**COLLECTED MATERIAL:**
○ ○ ○ ○ ○ ○ ○
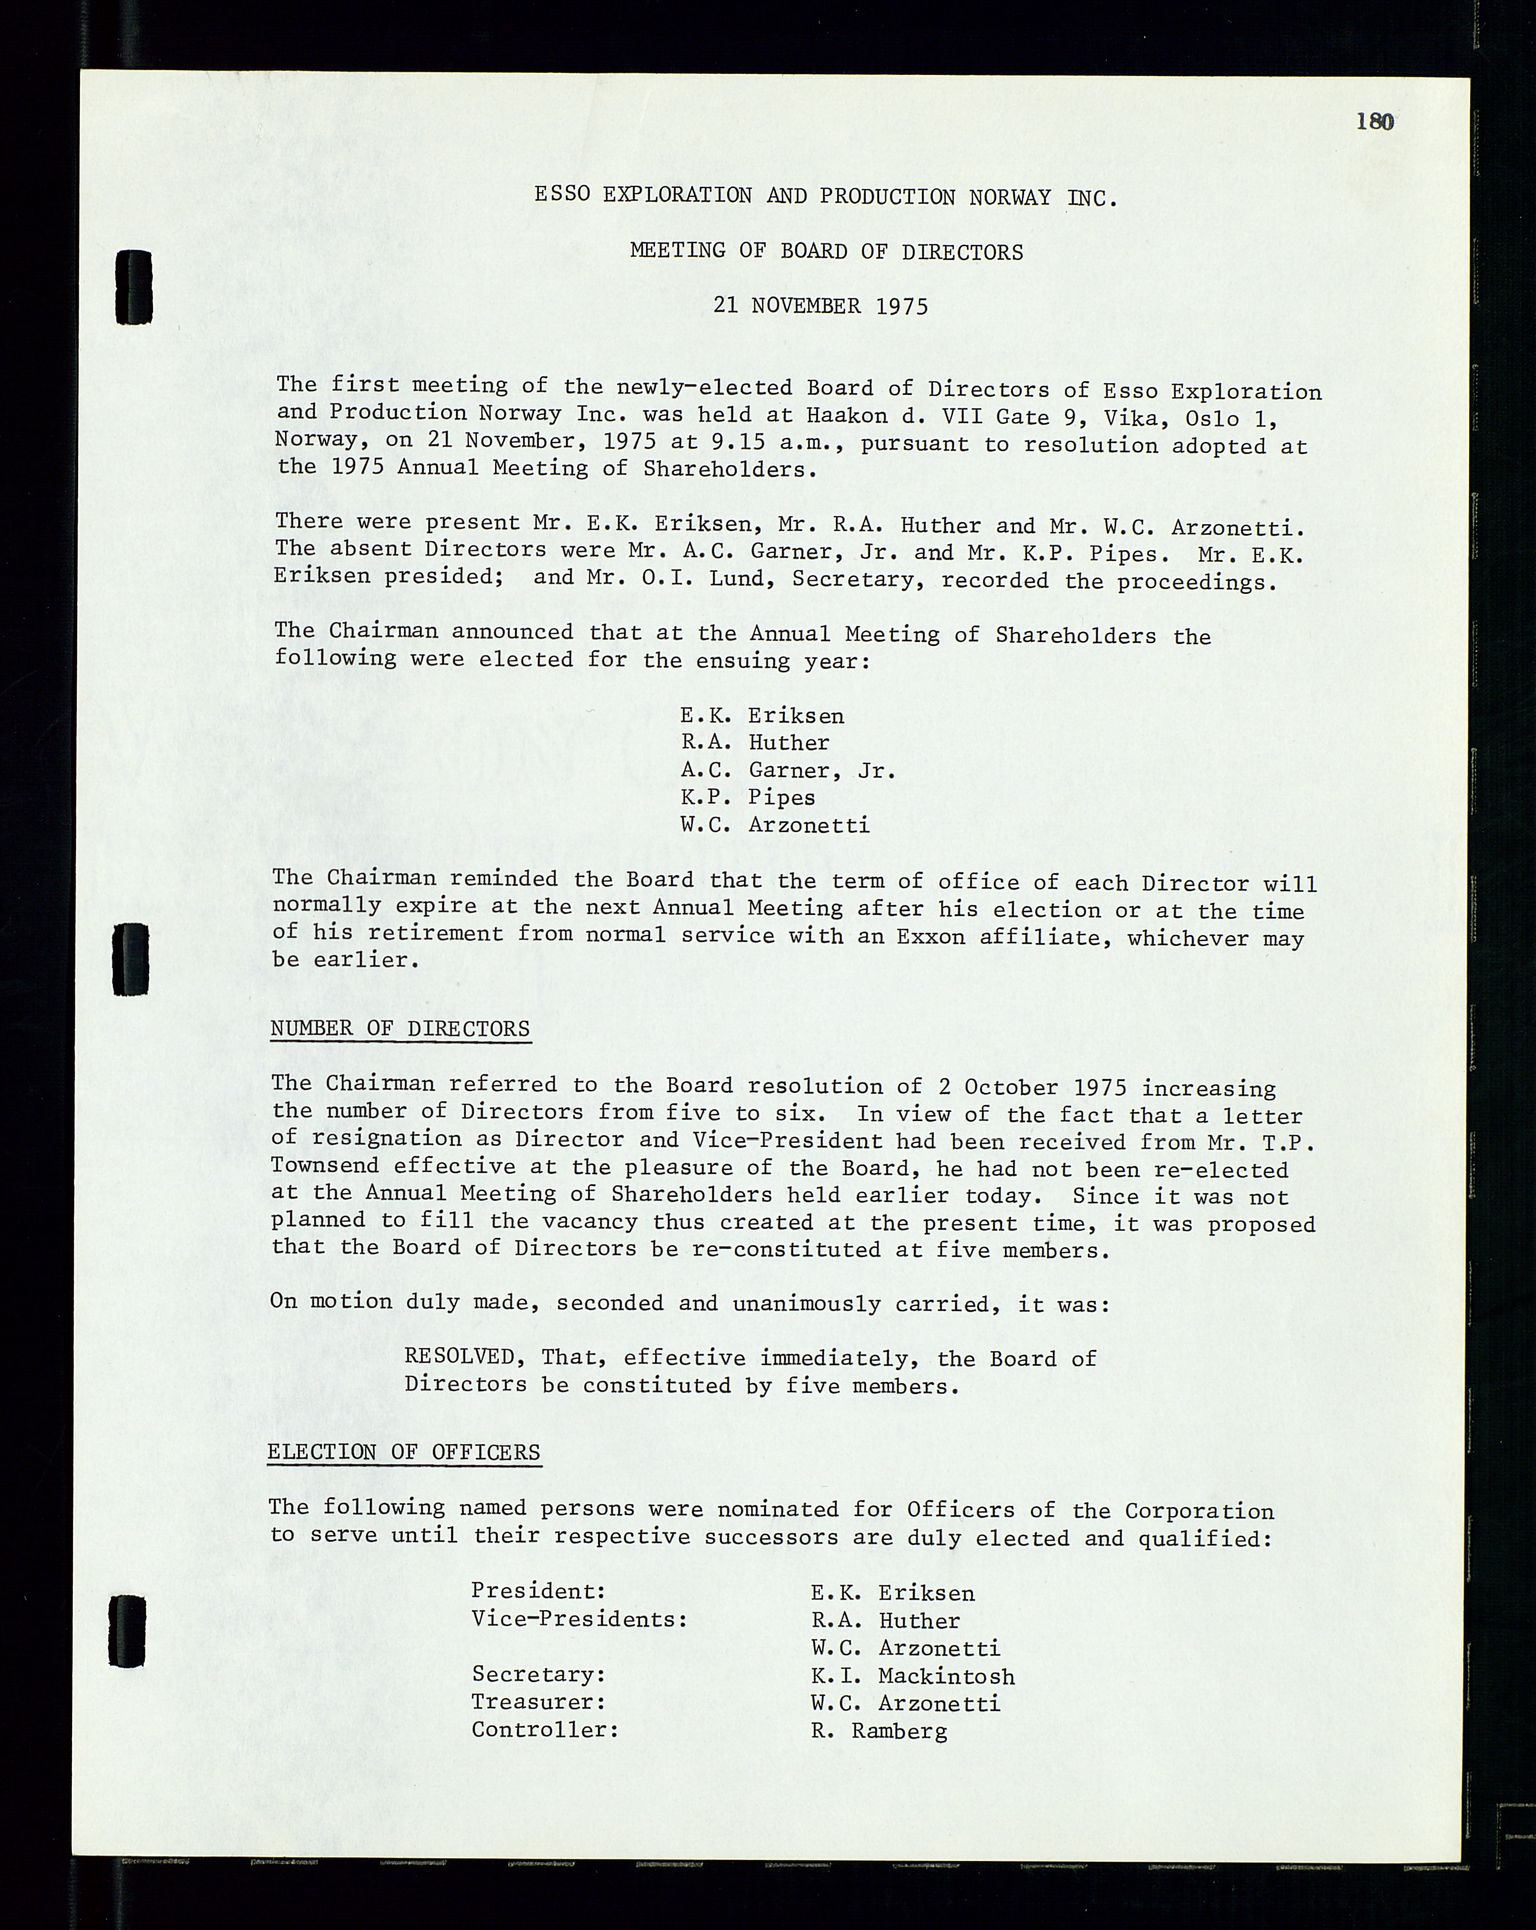 Pa 1512 - Esso Exploration and Production Norway Inc., SAST/A-101917/A/Aa/L0001/0002: Styredokumenter / Corporate records, Board meeting minutes, Agreements, Stocholder meetings, 1975-1979, s. 18
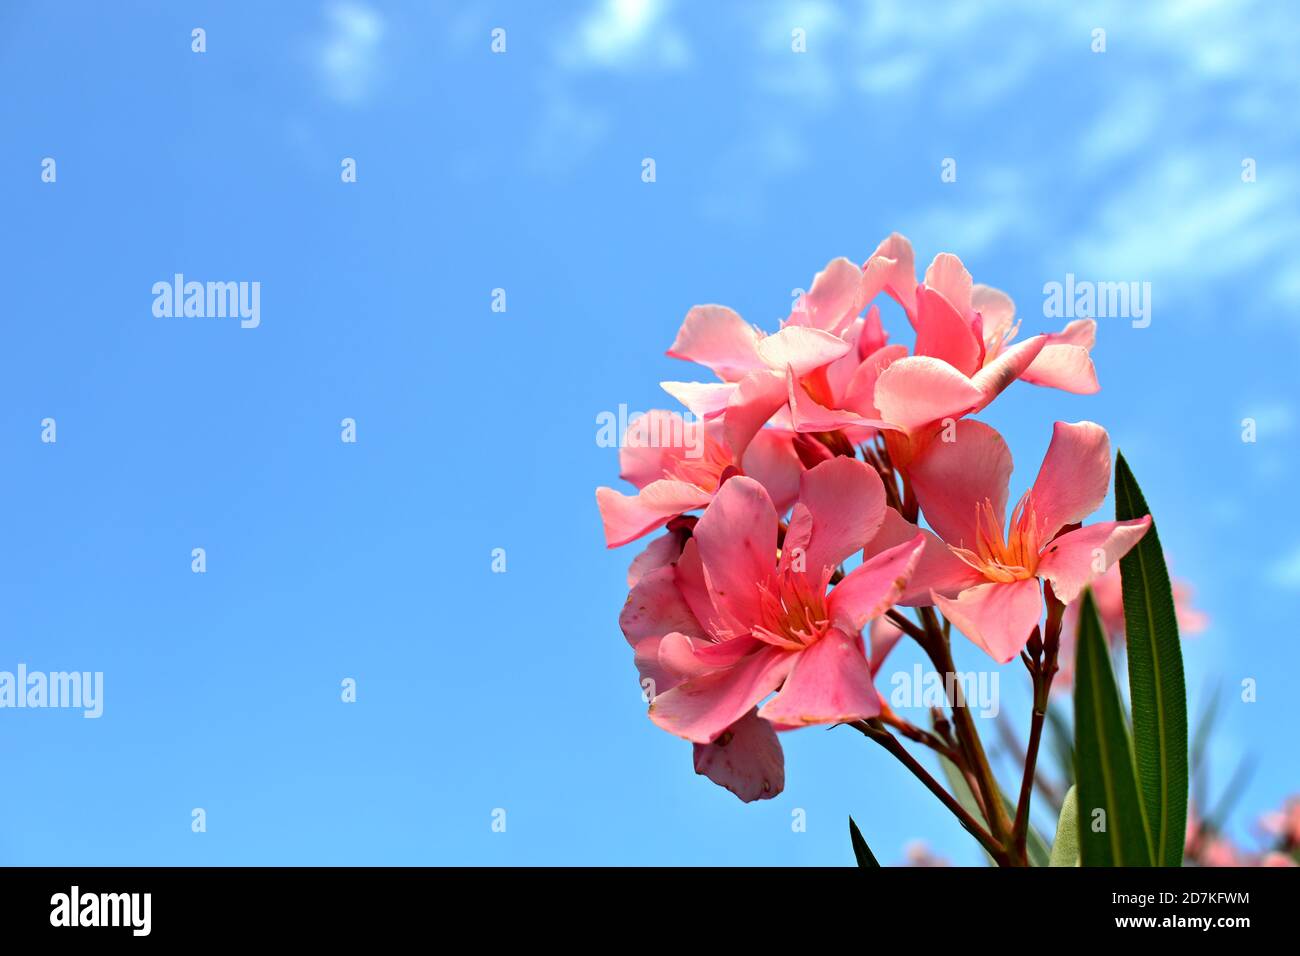 Pinkish flowers with blue sky in the background. Nerium oleander (Oleandr obecný). Stock Photo
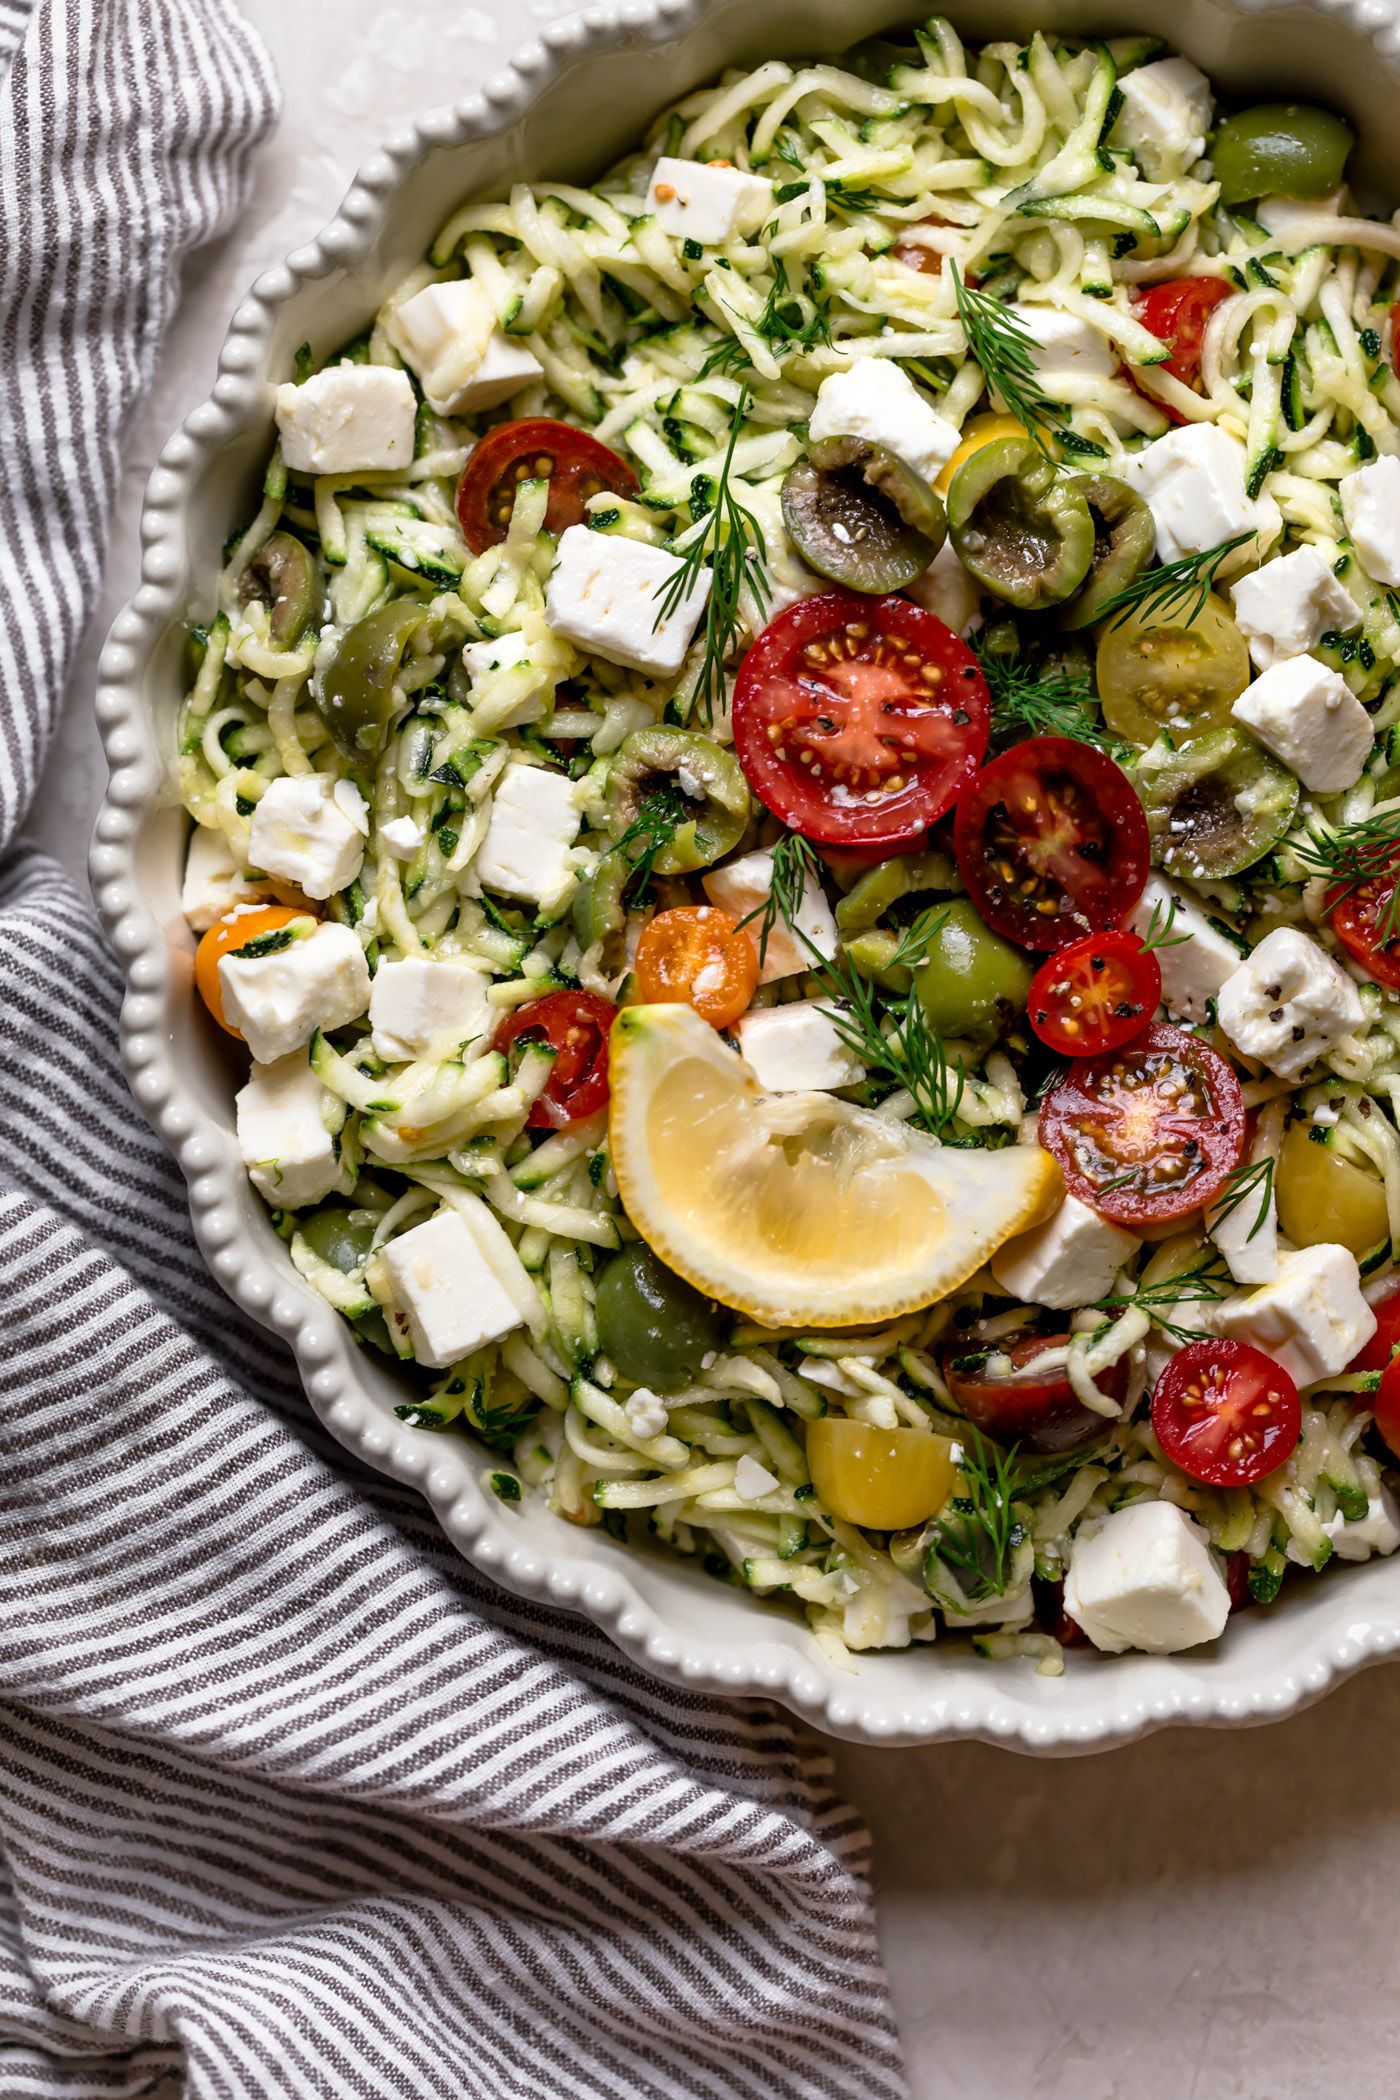 a fresh, fast, & light summertime grated zucchini salad! this easy salad has simple summer ingredients like shredded zucchini, tomatoes, castelvetrano olives, & tangy feta cheese. great for an easy weeknight dinner or side dish, or perfect for feeding a crowd at summer parties & BBQs! vegetarian, naturally gluten-free, low-carb, raw, totally healthy & fresh! #playswellwithbutter #zucchinisalad #gratedzucchini #zucchinirecipe #shreddedzucchini #summersalad #sidedish #rawsalad #lowcarbrecipe
○ ○ ○ ○ ○ ○ ○
**WHAT YOU HAVE TO DO:**
Once the images are set aside, retype all of the material above exactly.

**ANSWER TO THIS PROBLEM:**
 Pa 1512 - Esso Exploration and Production Norway Inc., SAST/A-101917/A/Aa/L0001/0002: Styredokumenter / Corporate records, Board meeting minutes, Agreements, Stocholder meetings, 1975-1979, s. 18
 Pinkish flowers with blue sky in the background. Nerium oleander (Oleandr obecný). Stock Photo
 a fresh, fast, & light summertime grated zucchini salad! this easy salad has simple summer ingredients like shredded zucchini, tomatoes, castelvetrano olives, & tangy feta cheese. great for an easy weeknight dinner or side dish, or perfect for feeding a crowd at summer parties & BBQs! vegetarian, naturally gluten-free, low-carb, raw, totally healthy & fresh! #playswellwithbutter #zucchinisalad #gratedzucchini #zucchinirecipe #shreddedzucchini #summersalad #sidedish #rawsalad #lowcarbrecipe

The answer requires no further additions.